The Napoleon Jacket Returns: Margot Robbie and the Revival of Military Tailoring

Margot Robbie arrived at the West End premiere of 1536 in London wearing a black coattailed military jacket from McQueen’s spring 2026 collection — a garment that announces, in the unmistakable language of epaulettes and gold embroidery, that the Napoleonic silhouette has returned to fashion’s active vocabulary.

The jacket, rendered in McQueen’s signature dark romanticism, features swirling gold threadwork across the chest and sleeves, cinched at the waist before flaring into tails that trace the body’s movement. Robbie stayed close to the runway styling, pairing it with ultra-low-rise trousers, adding only a black cropped top beneath for modesty. The look, completed with pointy-toe pumps and a leather clutch, channels a formality that has been largely absent from contemporary red-carpet dressing — a structured, almost ceremonial approach to tailoring that recalls the grandeur of military dress uniforms.

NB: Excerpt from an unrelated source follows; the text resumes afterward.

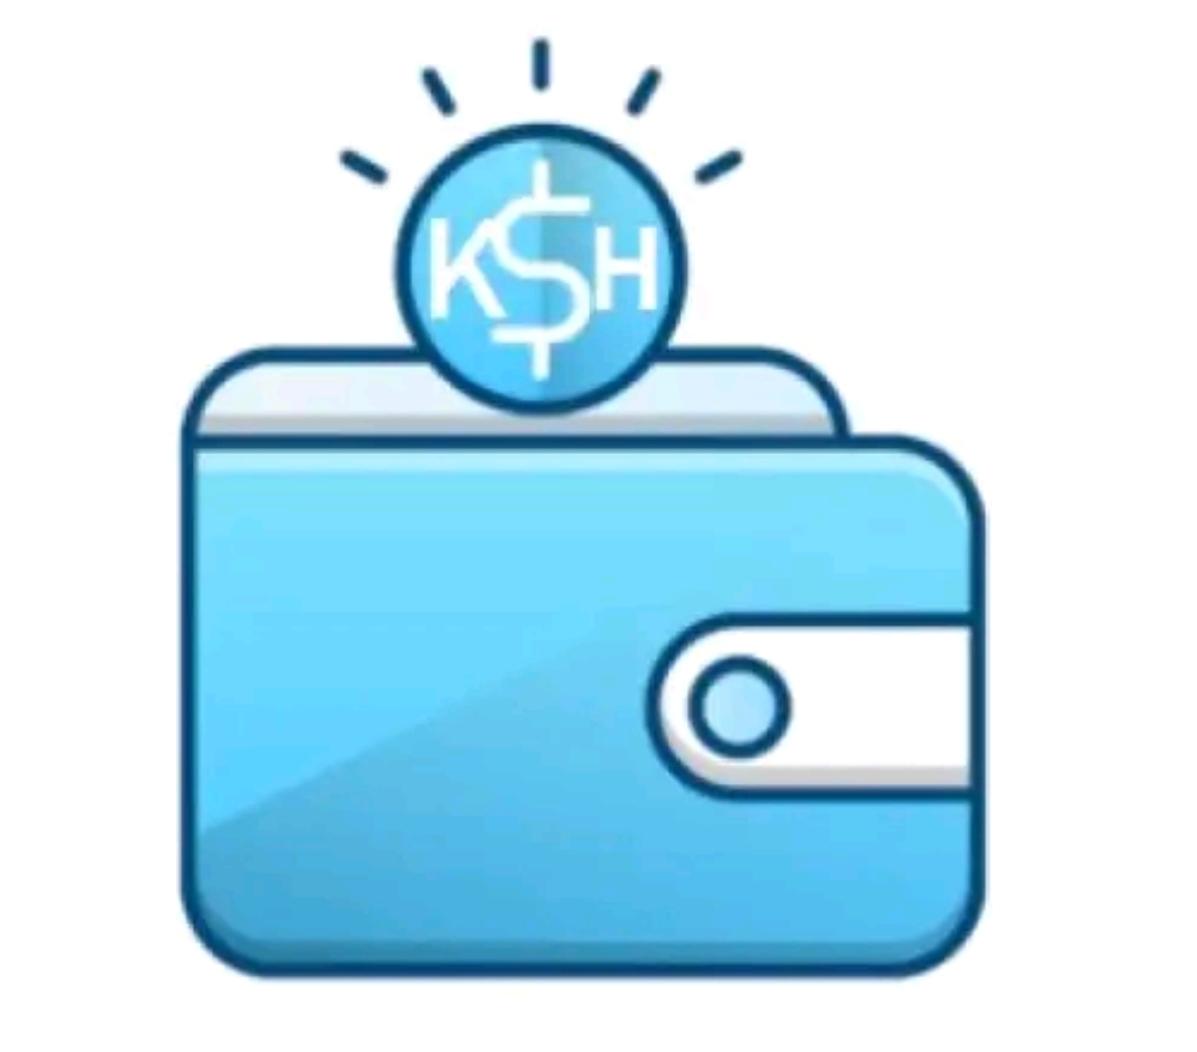 Kopesha loan app

What makes the Napoleon jacket’s return noteworthy is not its aesthetic appeal, which is considerable, but what it signals about the current direction of fashion. After seasons dominated by soft tailoring, relaxed suiting, and the oversized proportions that defined the post-pandemic silhouette, the military jacket represents a return to structure — to garments that hold their shape, that command space, that impose a specific posture on the wearer. It is fashion as armor, at a moment when the impulse to armor oneself, aesthetically and otherwise, feels particularly resonant.